Timothy Spall plays Tom, a British gent who has lived on the northernmost tip of Scotland for 50 years, and is now making a bus-hopping trip to the opposite end of the main English island. He is recently a widower, making this mysterious journey for unknown purposes, other than he is very insistent that it be completed.
It’s a career-changing turn by Spall, thrumming with melancholy power and quiet grace.
Tom is using the free bus pass given to retired Brits, jumping from local route to route rather than a single cross-country jaunt, indicating he’s not a man of great means. Indeed, somewhere during the trip we learn he was a simple mechanic, living in a tidy little home in John o' Groats, Scotland with his wife, Mary (Phyllis Logan). They had lived in Land’s End in Cornwall at the start of their marriage, but left soon after at Mary’s urging.
(God, I love Anglo names for stuff.)
Though sentiment also plays a part in his choice of conveyance. Tom, who must be over 90 as he served in World War II as a teen stretcher bearer, is actually retracing the steps of the trip he and Mary made a half-century earlier as a young couple, carrying just a few suitcases. When possible he stays in the same B&Bs or visits the same pubs they stopped at before.
The film flashes back to this time, with Natalie Mitson and Ben Ewing playing them as youngsters, they going north as old Tom heads south. He will often imagine seeing them on his trip, waiting by the side of the road or walking along the street he just passed, liked ghosts accompanying him as sacred custodians of his memory.
You may think a movie that is just 90 minutes of an old man riding on buses, saying very little and having various small encounters with others does not seem very interesting. Anything but.
The film, directed by Gillies MacKinnon from an original screenplay by Joe Ainsworth, is overtly sentimental but never maudlin, evoking an elegiac tone of man facing staggering loss. Tom looks back on a long life not with regret, but appreciation for the things he had leavened with deep sadness now that they are gone, or going.
A few things “happen” to Tom along the way, though it’s less a coherent plot than episodic experiences that serve to evoke different recollections and thoughts from his life. He carries only a small case, which is nearly stolen at one point. He stands up for a Muslim woman being accosted by a young prig, joins in a drunken singalong, has a stumbling fall and is taken in for the night by a nice middle-aged couple, and so on.
What Tom doesn’t know is that many of these moments are being captured on video and shared through social media, so as time goes on he is garnering something akin to fame.
It’s not difficult to detect similarities to other movies: “Nomadland” and “The World’s Fastest Indian” are two that immediately come to mind, since they involve journeys that are as much about the main character’s interior movement as where they’re going.

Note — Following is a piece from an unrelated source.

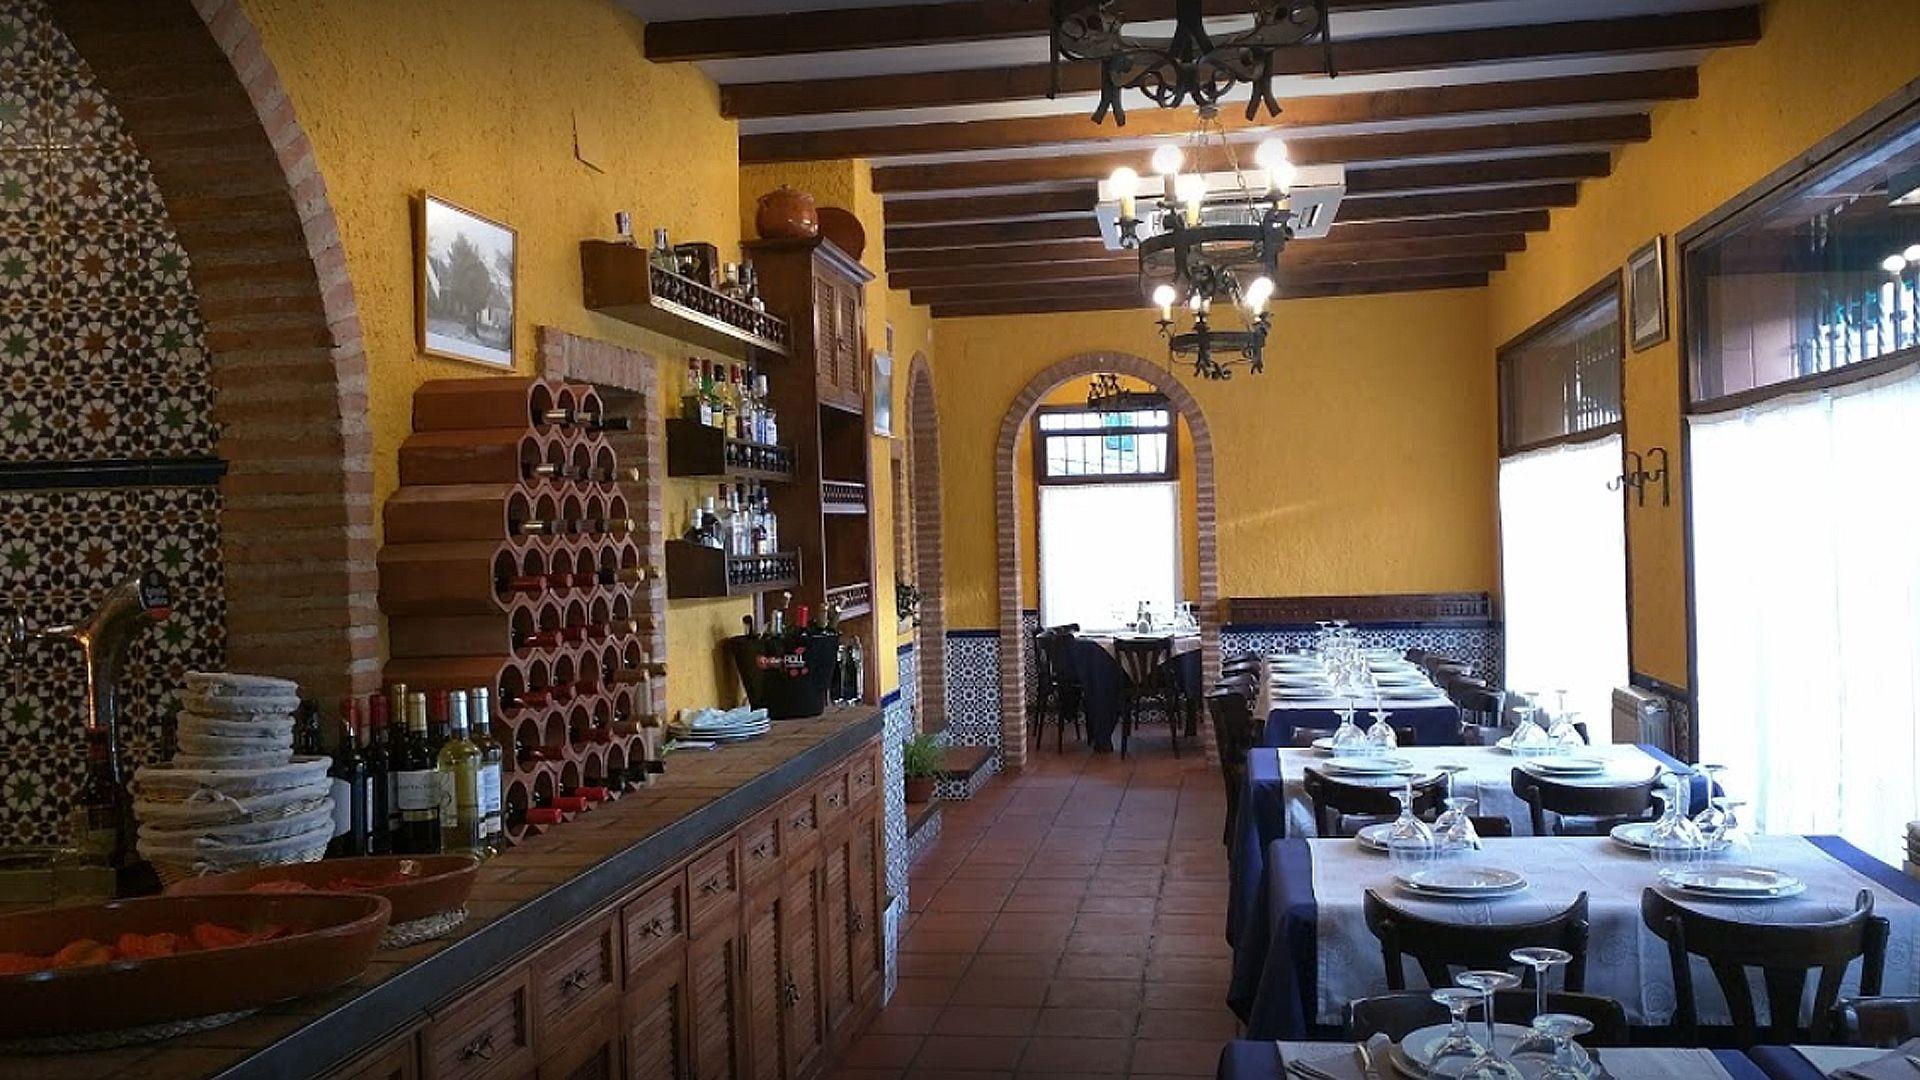 Restaurante con especialidad en asados en Bustarviejo
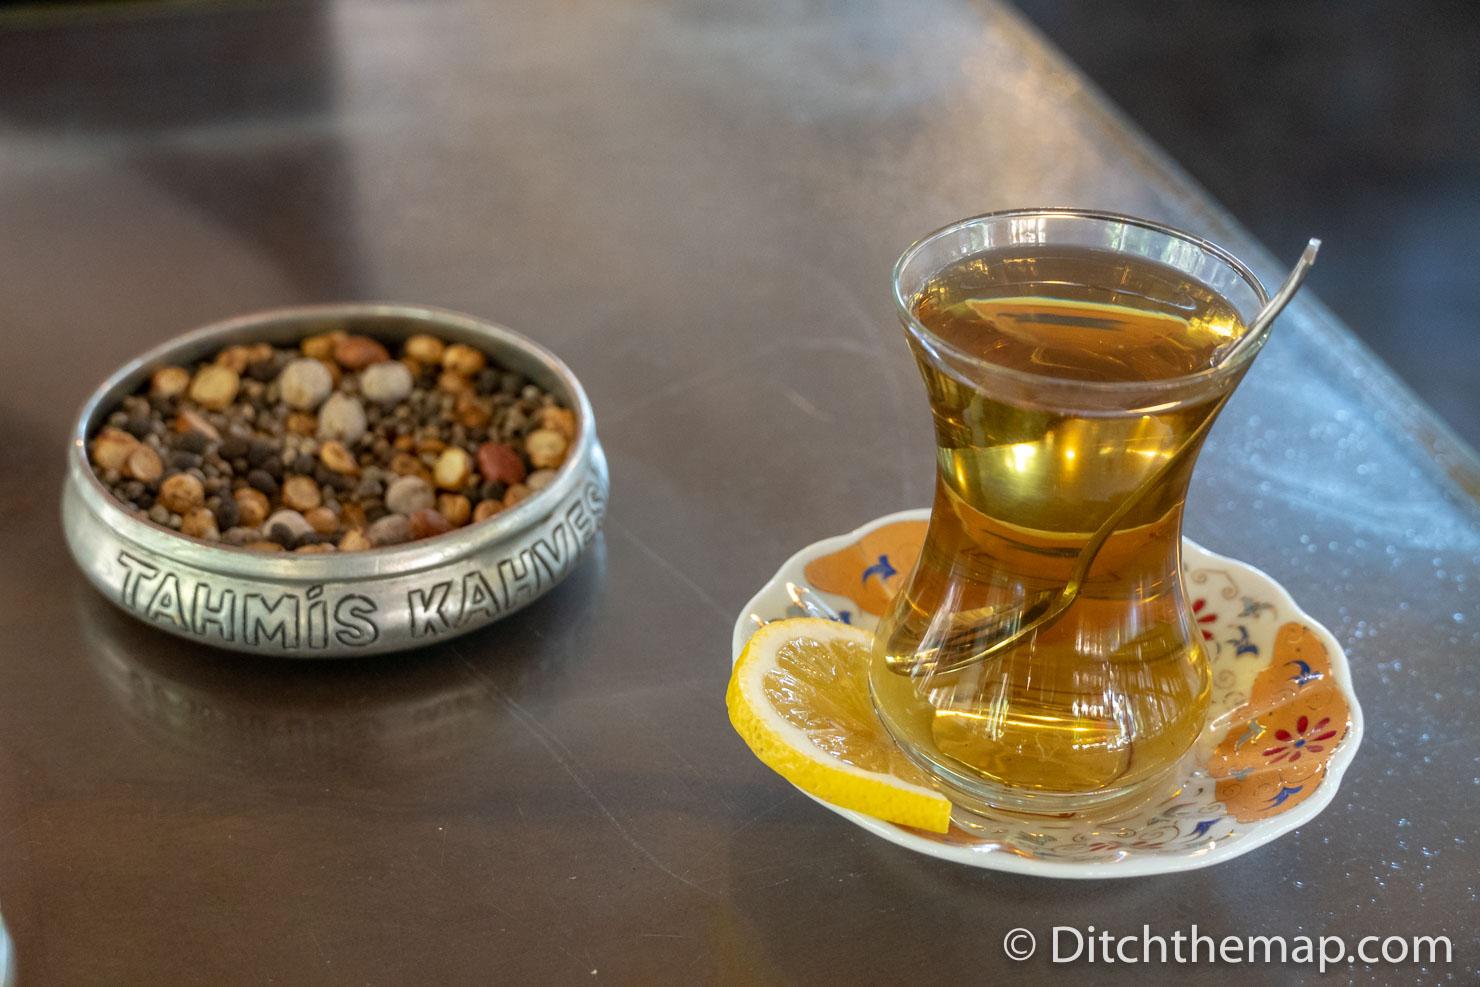 Drinking Kahter tea at Tahmis, Kahvesi

But if the notes are familiar, “The Last Bus” assembles them into a unique and evocative melody that never feels like mimicry.
I should note that Spall is decades younger than the character he plays, and does not make use of any extensive prosthetics or special effects to do so. But he admirably captures the gait and disposition of a man much older — the stiff-legged way he walks, carefully setting down each foot in fear of slipping, turning his whole torso around rather than just his neck to look off to the side, and the vague fogs of confusion he occasionally wanders into, striving hard to maintain his dignity and avoid the appearance of doddering.
Tom’s default mien is vaguely peevish, brow lowered with his lower lip and jaw slung forward like a locomotive cowcatcher. But the emotive transformations that take place on his face are even more transportive than the physical journey he is bent upon. Spall brings a lifetime of thespian skill to bear, bringing us to the edge of tears or joyous laughter with a simple, subtle glance or twist of his cheek.
In so eloquently capturing the culminating journey of one man’s lifetime, Spall gives the performance of his own.